Wednesday, 28 April 2010

over-protective

The comments I have received recently have been very supportive and heartening.  Thank you.  I feel slightly unworthy as I know that I could always be doing better - about once a week I go out for the evening when I could be home supervising supper and I am inclined to be soft on ED.

Another instance is that I did not mention at the last Maudsley meeting that Waif has been back doing sport - well, not Saturday morning training, but over the hols she came on walks, went riding, went cycling and played tennis.  Now she is back at school, she is cycling in (3.5 miles there and the same back).   That's the trouble with having given her a carbon fibre bike last birthday, she wants to use it  :-)   Actually the journey is great with the first 2.5 miles being on traffic free bike paths across the park and heath.  The last mile is a little more hairy as it involves the A20 and then a couple of back roads that are used as cut throughs by commuters trying to dodge the lights on the South Circular.  They drive very fast and weave in and out.  Meanwhile harried mothers are randomly stopping to drop off school children and then pulling back out again also, astonishingly, careless of school children cycling (there are actually only about 10 bikes in the school bike shed in a school of 800, according to Waif and I guess that is why).




This is fine in principle as long as she is not losing weight but somehow Waif is unwilling to eat more to make up for the exercise.  Indeed, she has already asked me if she can start to eat "healthily" again when she reaches 43kg.  She is supposed to get to about 47kg but I checked 43kg on BMI charts and it is about a quarter of the way up the normal range for her age and height, so I said possibly.....I am not trying to make her plump!  Not that I would mind that.  NO, it is that I want her to have autonomy BUT, and this is a big but, the research shows that the higher the target weight set and achieved then the less likely is relapse.  Had she never been below 43kg then I would have been content for her to maintain 43kg, but given how thin she was late last year, I guess I we need to aim higher.  I talked all this through with her and she seems on board.  Luckily OD is now 50kg and looking gorgeous so that makes any number starting with forty seem less frightening to Waif.

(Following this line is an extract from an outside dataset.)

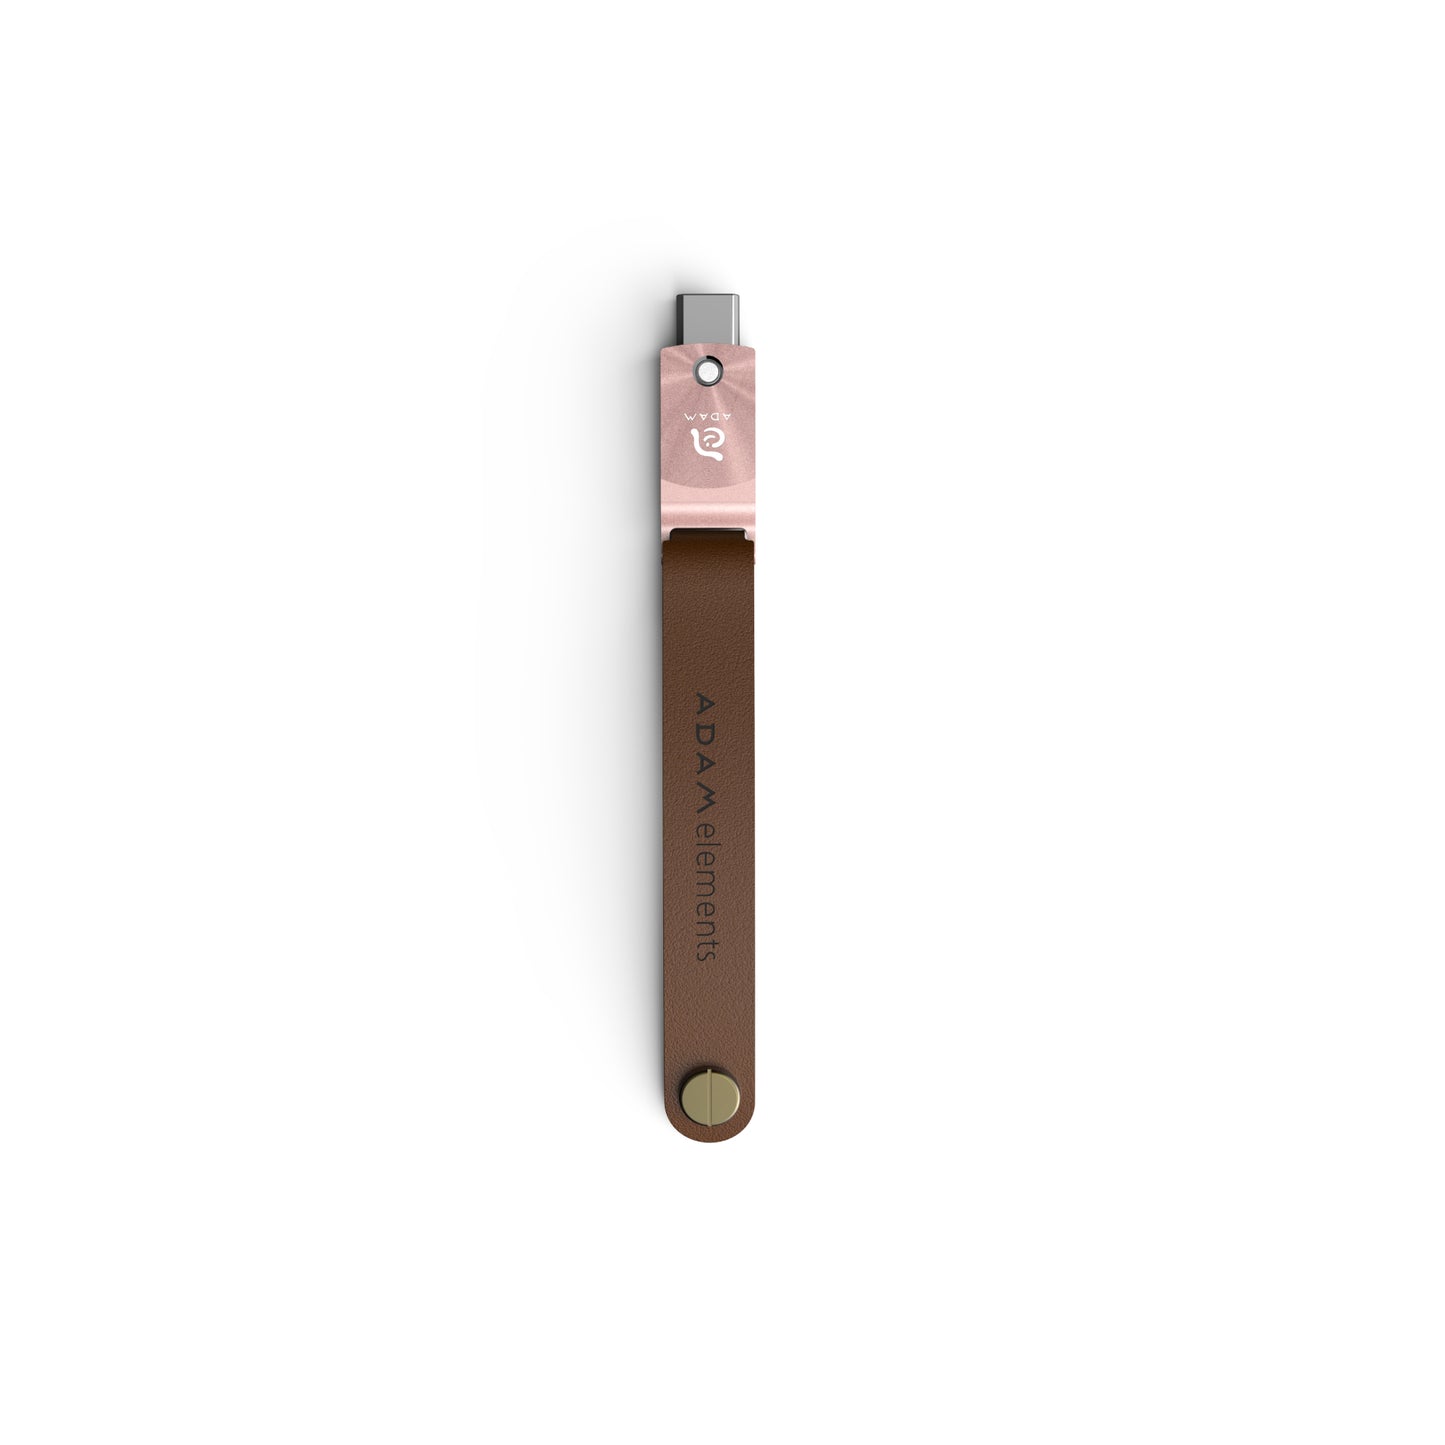 ADAM ELEMENTS Roma USB C to USB 3.0 OTG 64GB Flash Drive - Rose Gold

Anyway, yesterday Waif cycled to school, had games all afternoon, played in a rounders match, then cycled home.  This makes a total of over 4 hours exercise. She was tearful on the way home.  Ostensibly this was as she had been subbed in the rounders team but really I suspect she was exhausted.  Next week I am going to make her choose between cycling and rounders on Tuesday, but not both.

I suggested that Waif try out for the school tennis team - she has coaching and is quite good at tennis.  She said that only the boys can use the courts at school.    Hmmm... unfortunately I can believe this is true as it used to be a boys only school and I can quite see how when the first girls arrived there was a discussion about how the courts were already fully used.  Obviously, if anyone sat down, ab initio, and looked at a limited number of courts in a fully mixed school and decided how to allocate them, not a single person would suggest that the boys should play tennis and the girls rounders.  Boys even have cricket too in the Summer where the girls have no particular summer sport in most schools (athletics being unisex) other than tennis.  Sigh, I can feel a call to the school coming up to discuss:

a)  whether Waif is likely to be back in the rounders team next week (just for my info);
b)  to check whether it is really correct that only the boys can play tennis and to ask for the thinking behind it; and
c) to ask the school to join with me in lobbying he local council for a small section of cycle lane between the A20 and the school, and asking whether children might have permission to use the back entrance (behind the playing fields) when on their bicycles to cut out a large section of dangerous road.

Perhaps I should just leave well alone.  I am never sure when to back off.

All in all though, it is wonderful to see Waif looking so much healthier and with more energy than for most of last year.  That and the wonderful blossom and sunshine we are having at the moment, makes me joyful and optimistic.

1 comment:

  1. surely it must be 50 years since any school school in the country made its tennis courts available for boys, but not girls.

    Why don't you check the school website - I will be ASTONISHED if tennis is an option for one, but not the other.